Dataset entries

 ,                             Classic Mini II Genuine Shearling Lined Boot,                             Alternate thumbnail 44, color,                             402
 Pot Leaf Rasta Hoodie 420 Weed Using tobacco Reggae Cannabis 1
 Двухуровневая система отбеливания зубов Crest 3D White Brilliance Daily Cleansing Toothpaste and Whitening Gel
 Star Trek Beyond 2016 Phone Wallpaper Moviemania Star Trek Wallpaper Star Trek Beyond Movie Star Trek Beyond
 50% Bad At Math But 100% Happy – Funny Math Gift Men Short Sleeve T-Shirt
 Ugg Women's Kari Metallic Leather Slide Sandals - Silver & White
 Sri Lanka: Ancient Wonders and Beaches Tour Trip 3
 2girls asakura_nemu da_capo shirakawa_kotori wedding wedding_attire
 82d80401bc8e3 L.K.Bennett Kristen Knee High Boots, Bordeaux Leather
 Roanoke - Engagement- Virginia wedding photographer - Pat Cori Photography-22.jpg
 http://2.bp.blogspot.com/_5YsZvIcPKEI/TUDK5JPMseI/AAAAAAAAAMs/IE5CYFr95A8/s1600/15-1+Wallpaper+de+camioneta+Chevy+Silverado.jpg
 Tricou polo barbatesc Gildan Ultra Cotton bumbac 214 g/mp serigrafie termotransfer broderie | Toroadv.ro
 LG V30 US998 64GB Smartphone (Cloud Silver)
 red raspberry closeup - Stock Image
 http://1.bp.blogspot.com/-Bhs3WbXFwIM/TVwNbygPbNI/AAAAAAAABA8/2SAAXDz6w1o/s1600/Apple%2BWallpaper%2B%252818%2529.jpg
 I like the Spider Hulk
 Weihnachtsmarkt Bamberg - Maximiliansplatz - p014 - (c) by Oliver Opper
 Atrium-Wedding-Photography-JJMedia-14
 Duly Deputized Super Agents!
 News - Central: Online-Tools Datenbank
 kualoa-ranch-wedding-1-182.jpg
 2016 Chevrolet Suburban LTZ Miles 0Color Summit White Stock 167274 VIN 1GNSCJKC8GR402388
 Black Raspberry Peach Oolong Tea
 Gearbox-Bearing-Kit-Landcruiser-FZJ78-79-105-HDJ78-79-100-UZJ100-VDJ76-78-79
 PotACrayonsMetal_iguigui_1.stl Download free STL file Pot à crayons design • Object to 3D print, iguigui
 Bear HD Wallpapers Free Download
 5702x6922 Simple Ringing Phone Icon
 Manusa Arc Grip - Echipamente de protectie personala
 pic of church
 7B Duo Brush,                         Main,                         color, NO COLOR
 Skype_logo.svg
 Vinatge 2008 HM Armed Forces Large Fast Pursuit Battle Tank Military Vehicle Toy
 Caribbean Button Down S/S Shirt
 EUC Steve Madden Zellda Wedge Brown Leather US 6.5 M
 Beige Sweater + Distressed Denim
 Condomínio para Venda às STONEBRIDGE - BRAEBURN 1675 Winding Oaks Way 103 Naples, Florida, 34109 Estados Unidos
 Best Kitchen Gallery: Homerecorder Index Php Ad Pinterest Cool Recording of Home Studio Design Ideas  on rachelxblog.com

WHAT TO DO:
Pull out all lines from the entries above in which the word "White" appears.

THE COMPLETED TASK:
 Двухуровневая система отбеливания зубов Crest 3D White Brilliance Daily Cleansing Toothpaste and Whitening Gel
 Ugg Women's Kari Metallic Leather Slide Sandals - Silver & White
 2016 Chevrolet Suburban LTZ Miles 0Color Summit White Stock 167274 VIN 1GNSCJKC8GR402388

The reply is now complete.